Exercise requirements :: Using the listing below, reproduce exactly the lines from the one with "Golf Callaway 2021" through the last, with all pictures left out.

Stored data ::
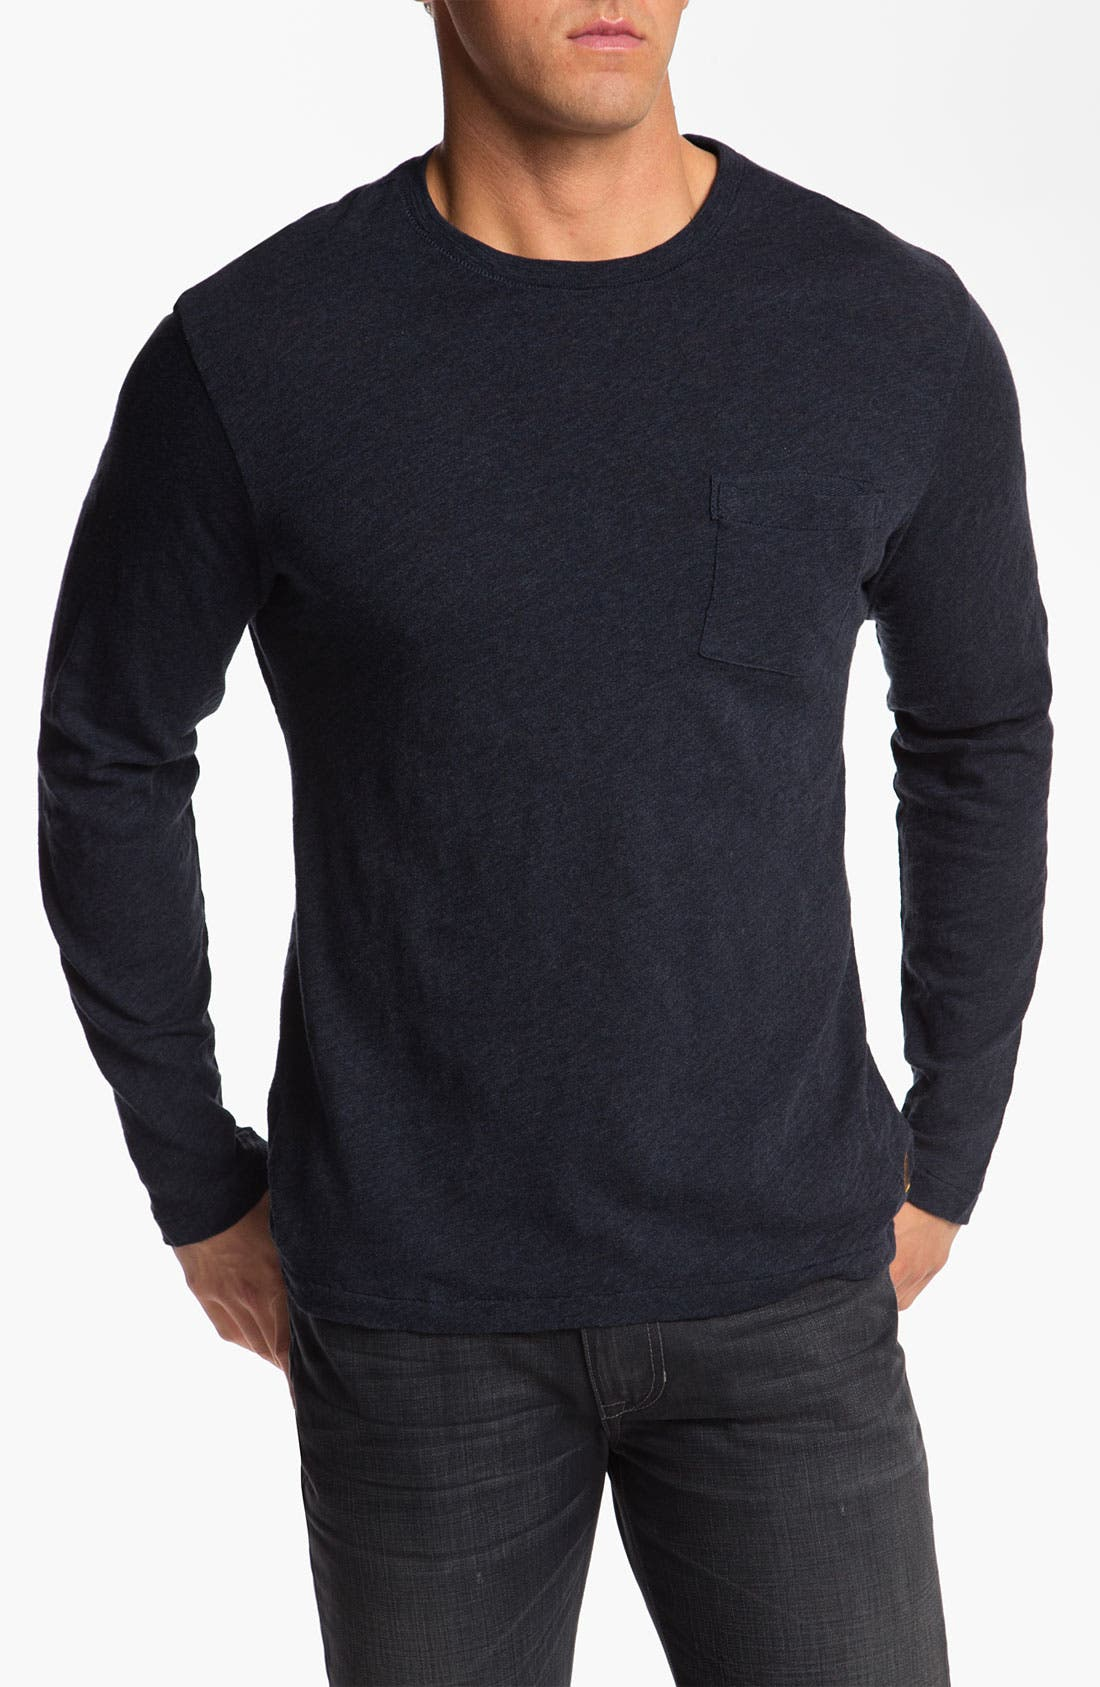 Alternate Image 1 Selected - Volcom 'Albury' Long Sleeve T-Shirt
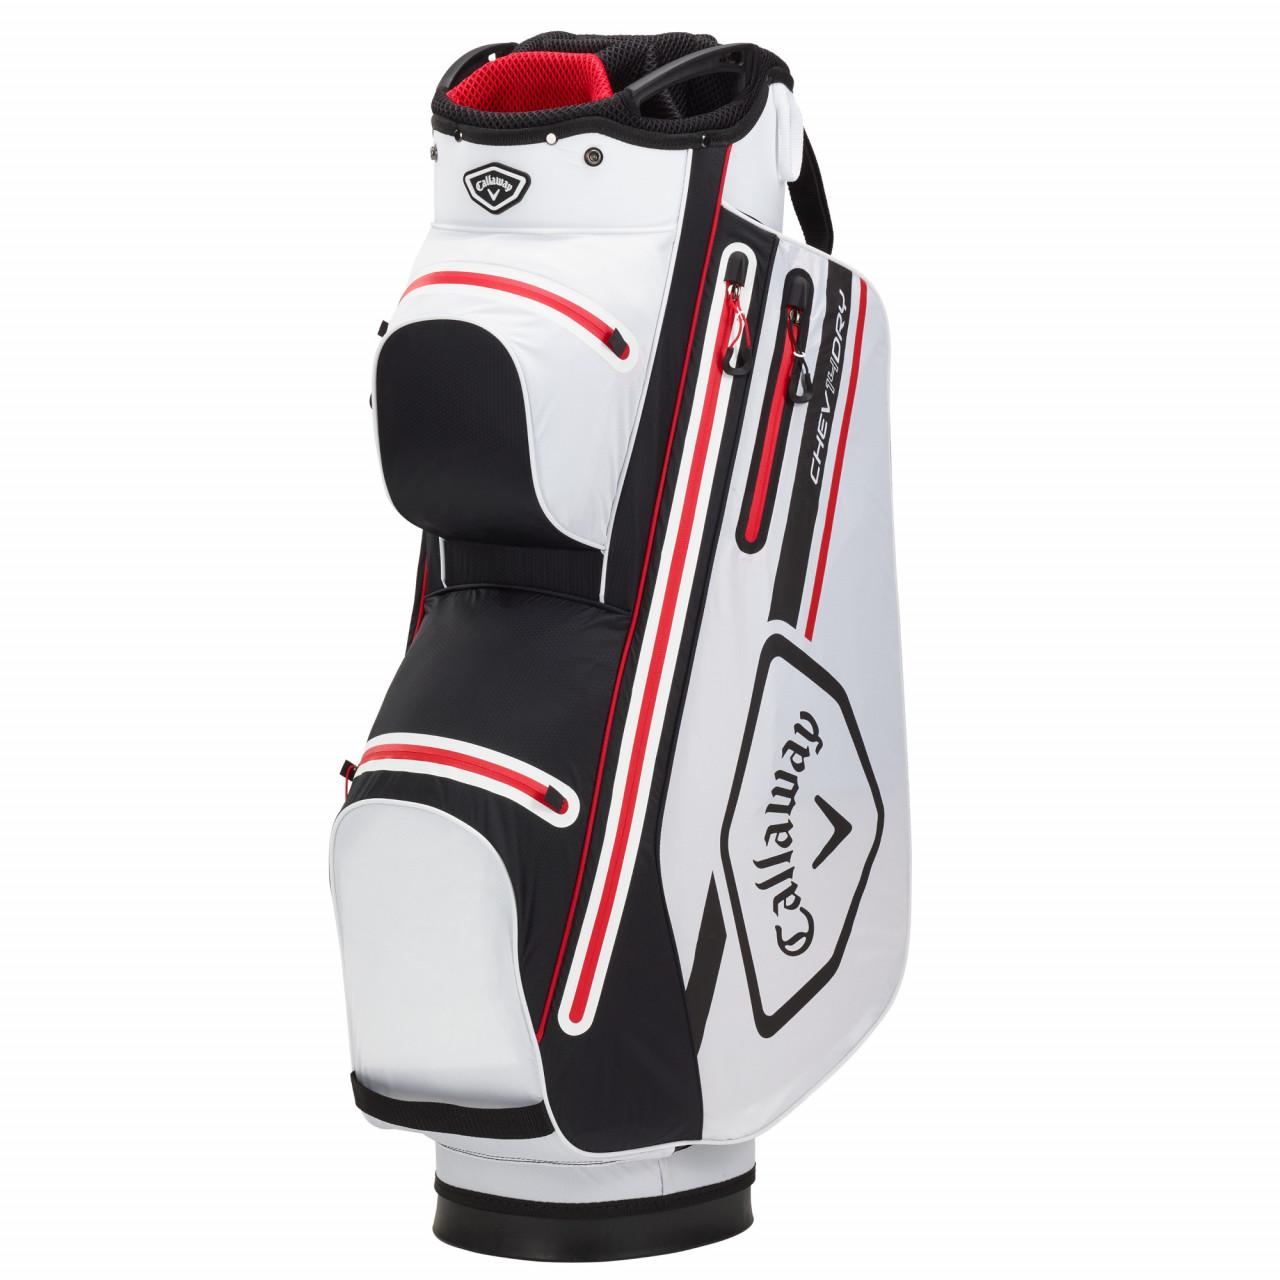 Golf Callaway 2021 Chev Dry 14 Waterproof Cartbag, Weiß / Schwarz / Rot
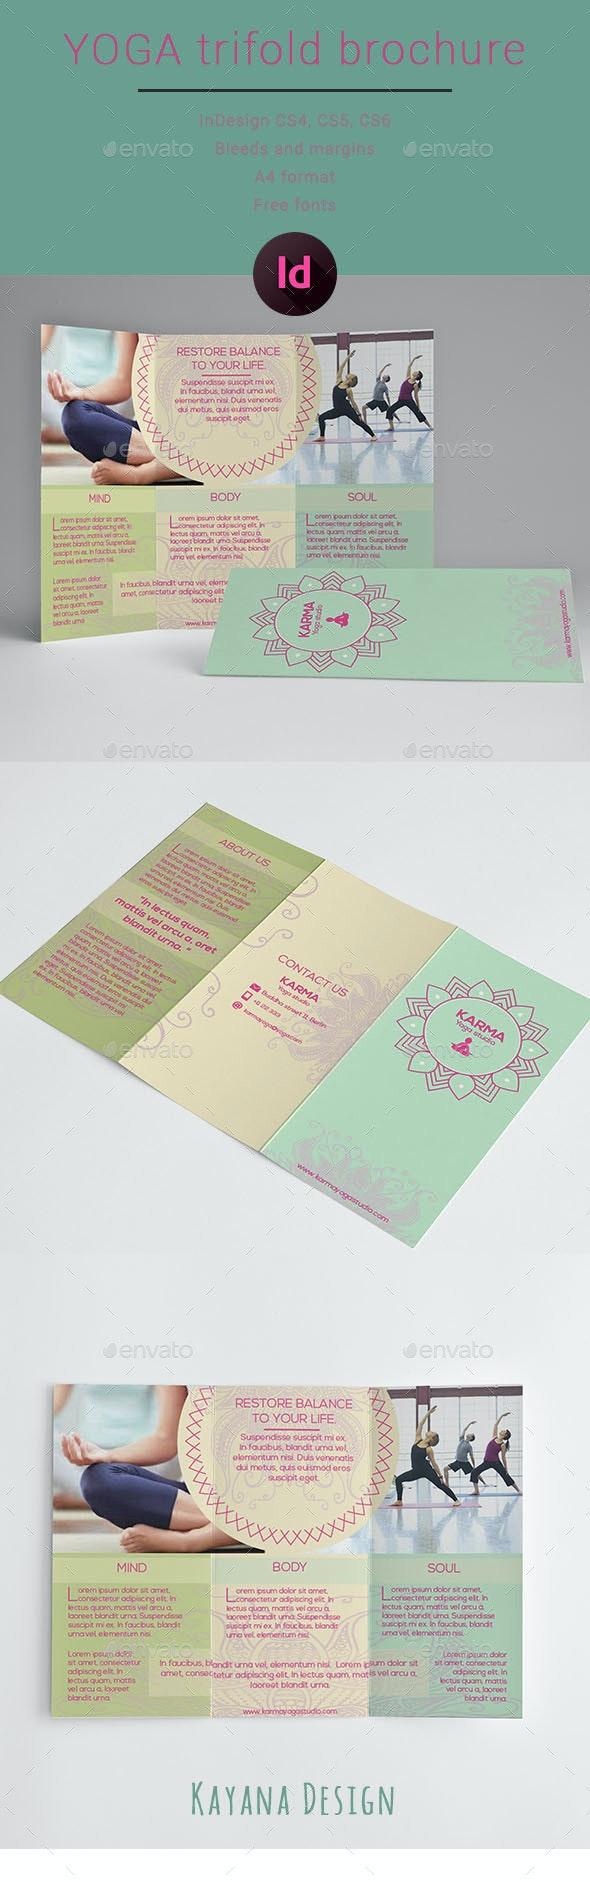 Yoga Trifold Brochure - Brochures Print Templates

Response to this exercise ::
 Golf Callaway 2021 Chev Dry 14 Waterproof Cartbag, Weiß / Schwarz / Rot
 Yoga Trifold Brochure - Brochures Print Templates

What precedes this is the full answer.